Comment 27 WebKit Commit Bot 2010-01-20 19:49:58 PST
Comment on attachment 47061 [details]
Removed DOMWindow.cpp change, fixed the last(?) few comments.

Clearing flags on attachment: 47061

Committed r53595: <http://trac.webkit.org/changeset/53595>
Comment 28 WebKit Commit Bot 2010-01-20 19:50:12 PST
All reviewed patches have been landed.  Closing bug.
Comment 29 Mikko Honkala 2010-02-12 08:26:21 PST
I think this bug has been closed prematurely. Most of the code is there, but for instance the glue code in WebCore/binding is not there. See e.g., 
WebCore/workers/WorkerContext.idl, where the openDatabase function is commented out and no implementations for the binding are there either.

Since the title of the bug is  "Make SQL database storage work in Workers", I would reopen this bug.

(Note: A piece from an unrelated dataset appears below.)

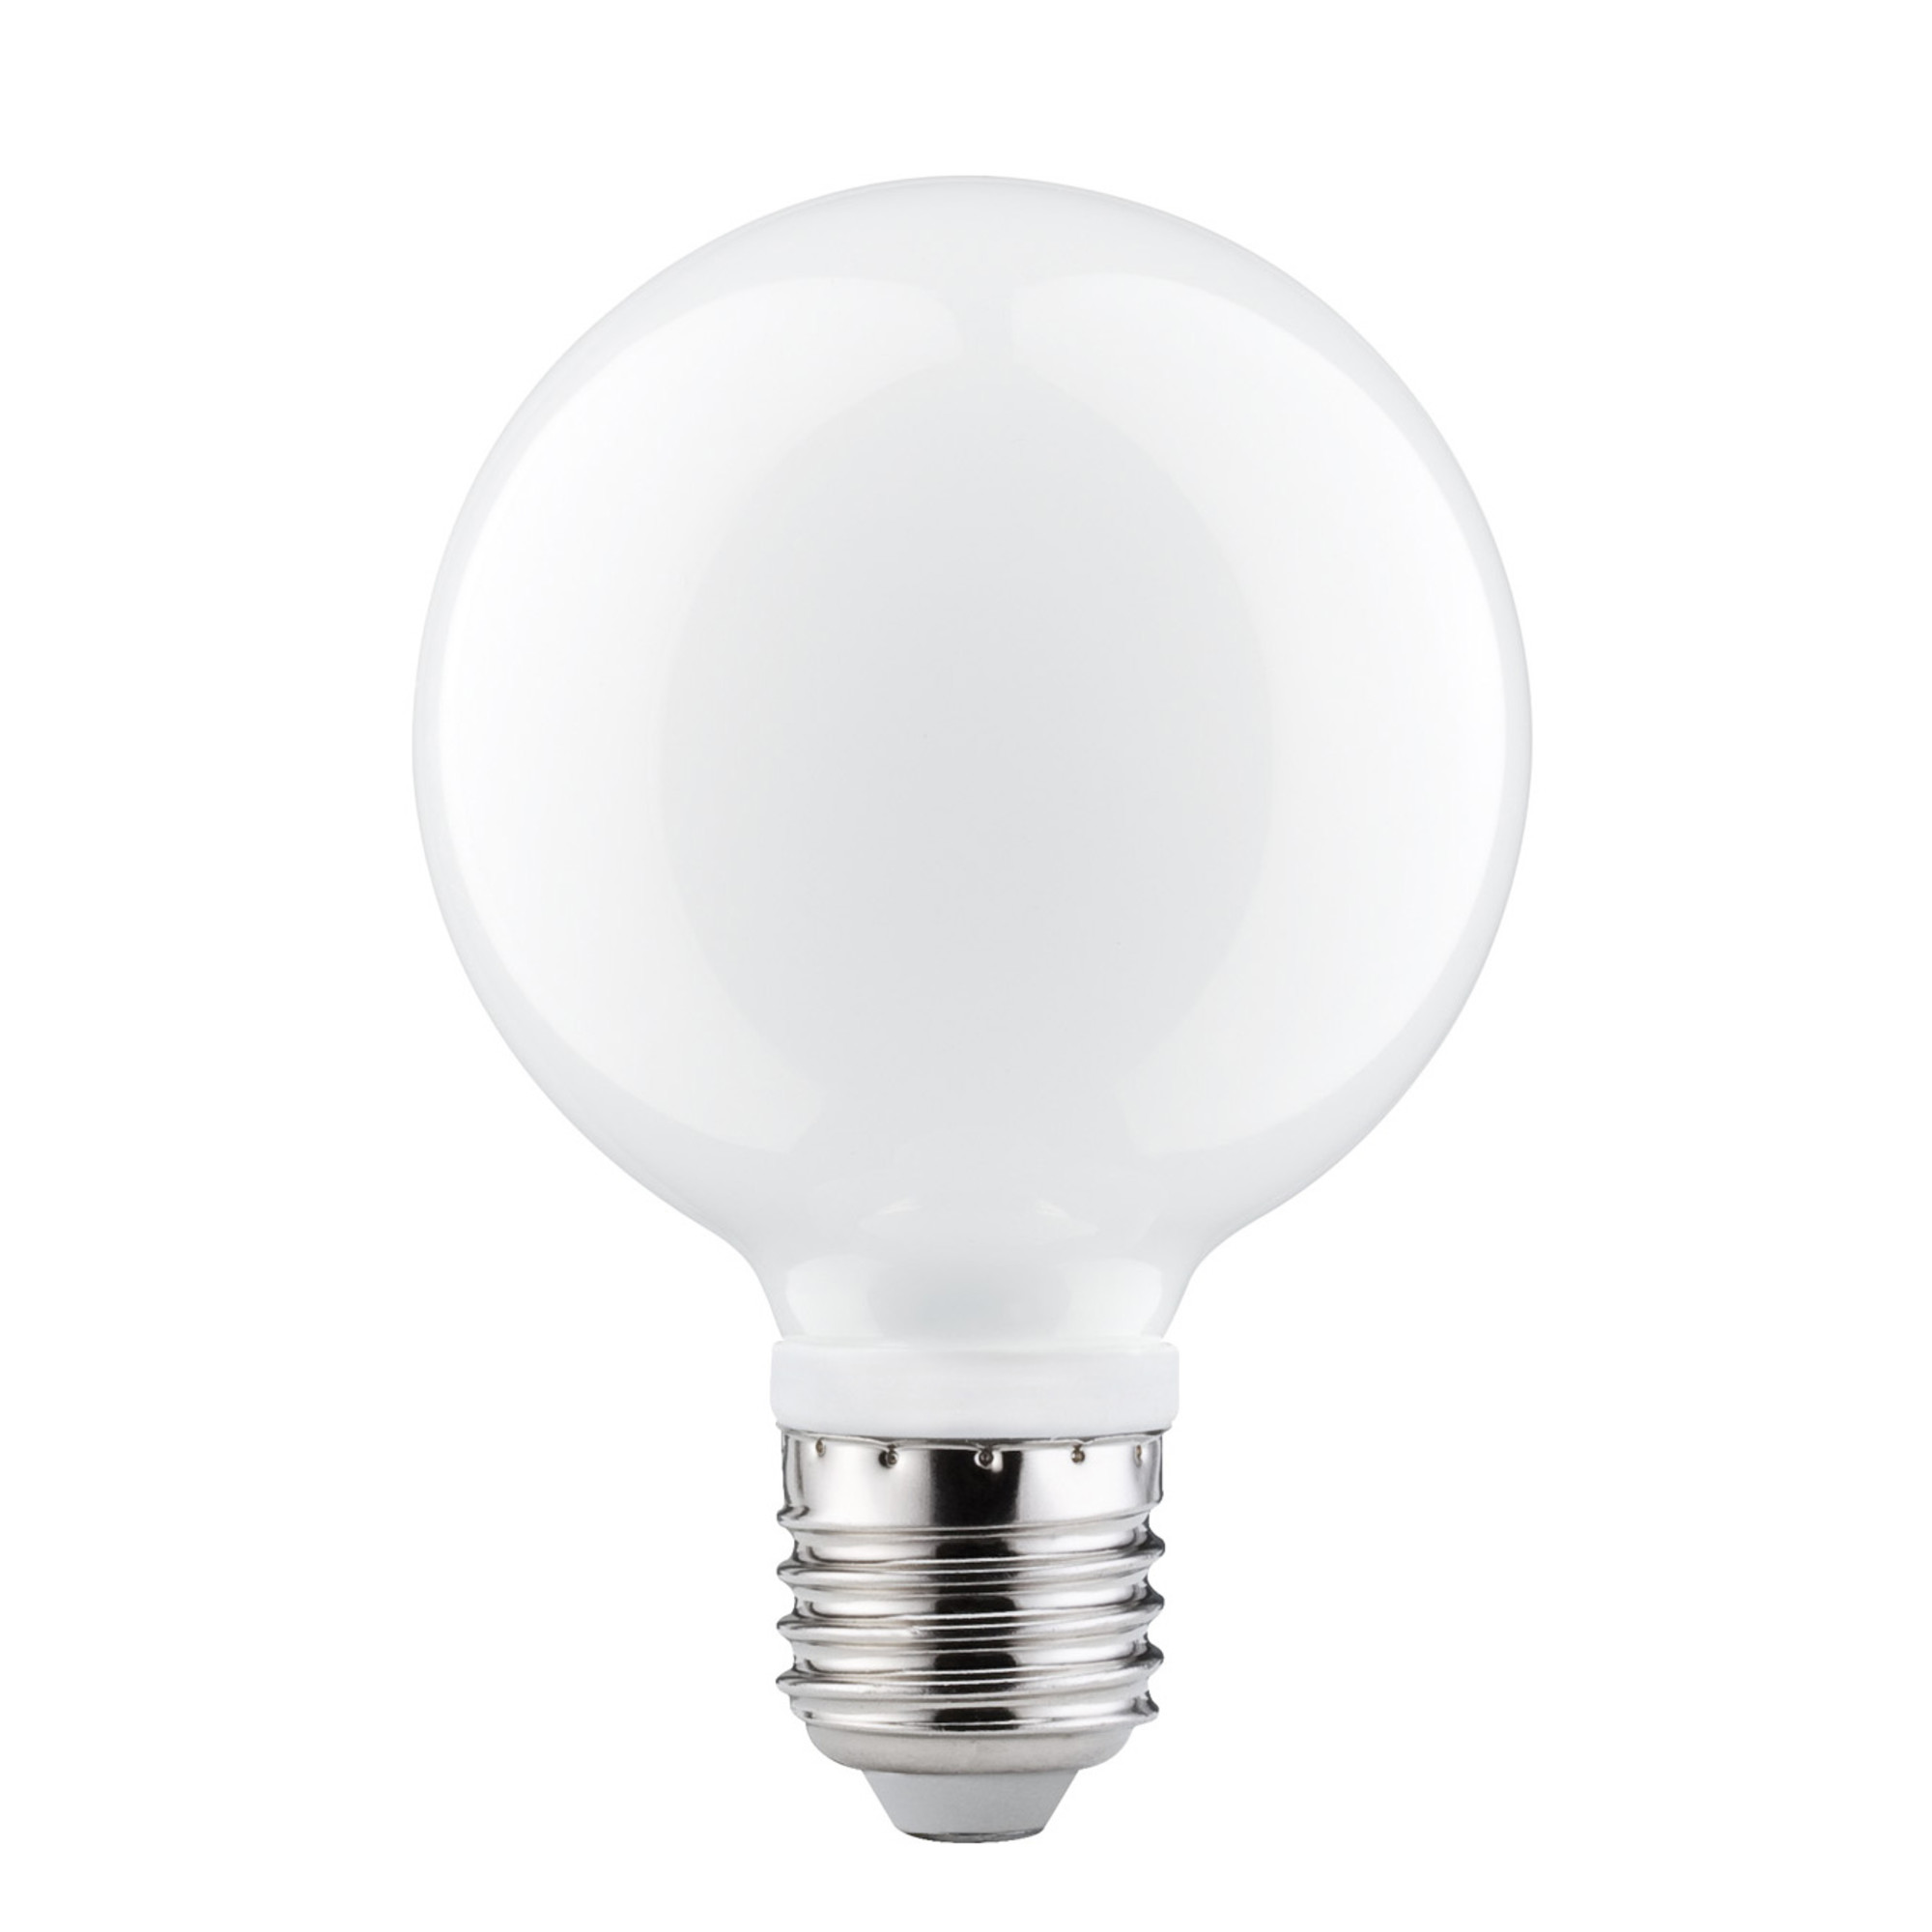 Лампа светодиодная Paulmann 28280 E27 470 Лм теплый свет

http://trac.webkit.org/browser/trunk/WebCore/workers/WorkerContext.idl
Comment 30 Dmitry Titov 2010-02-12 09:47:40 PST
(In reply to comment #29)
> I think this bug has been closed prematurely. 
> Since the title of the bug is  "Make SQL database storage work in Workers", I
> would reopen this bug.

The better way of approaching multi-patch changes may be to have an 'umbrella bug' that says "Implement Foo" and then a few 1-patch bugs implementing actual parts of it, linking them to the main one.

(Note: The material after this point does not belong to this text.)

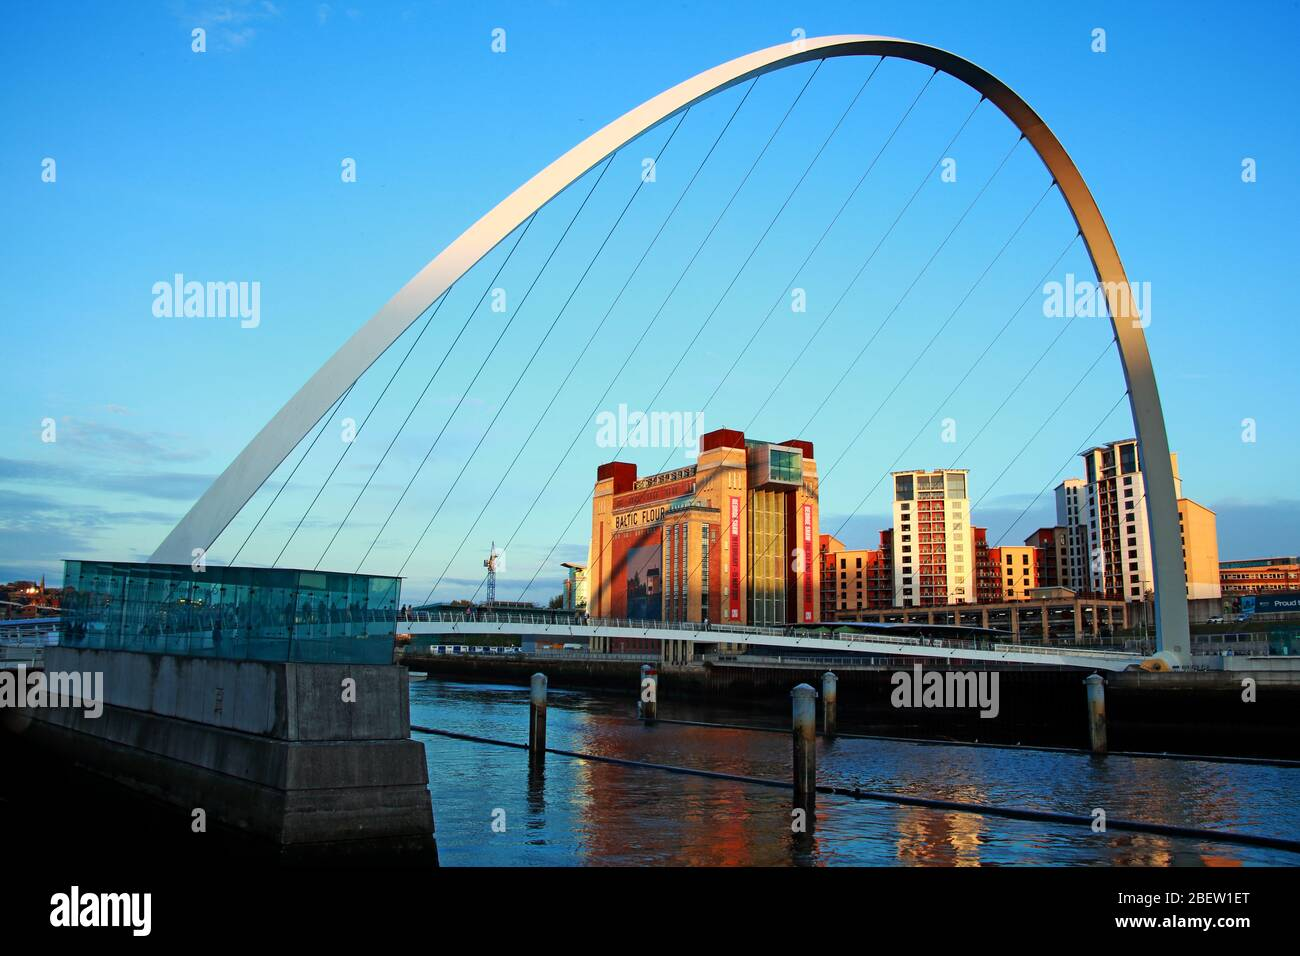 GoTonySmith,@HotpixUK,HotpixUK,river,riverside,water,city,North East,England,Geordie,Tyne River,Newcaste upon Tyne,evening,UK,Tyne,River,Newcaste,upon Tyne,Gateshead,Sage,NE,bridge,river side,economy,Tyneside conurbation,Tyne bridge,Gateshead Millennium Bridge,Millennium Bridge,Pons Aelius,shipbuilding,coal,coals from Newcastle,fishy on a dishy,spring,NE1,River Tyne Quayside,Quayside,Gatesheads Quays arts quarter

Since this bug contained landed patch of first part of the work, it can be renamed to reflect what it actually achieved.
Comment 31 Eric U. 2010-02-16 13:45:12 PST
(In reply to comment #30)
> (In reply to comment #29)
> > I think this bug has been closed prematurely. 
> > Since the title of the bug is  "Make SQL database storage work in Workers", I
> > would reopen this bug.
> 
> The better way of approaching multi-patch changes may be to have an 'umbrella
> bug' that says "Implement Foo" and then a few 1-patch bugs implementing actual
> parts of it, linking them to the main one.
> 
> Since this bug contained landed patch of first part of the work, it can be
> renamed to reflect what it actually achieved.

Renaming this bug; I'll go and log a few more to fill out the task.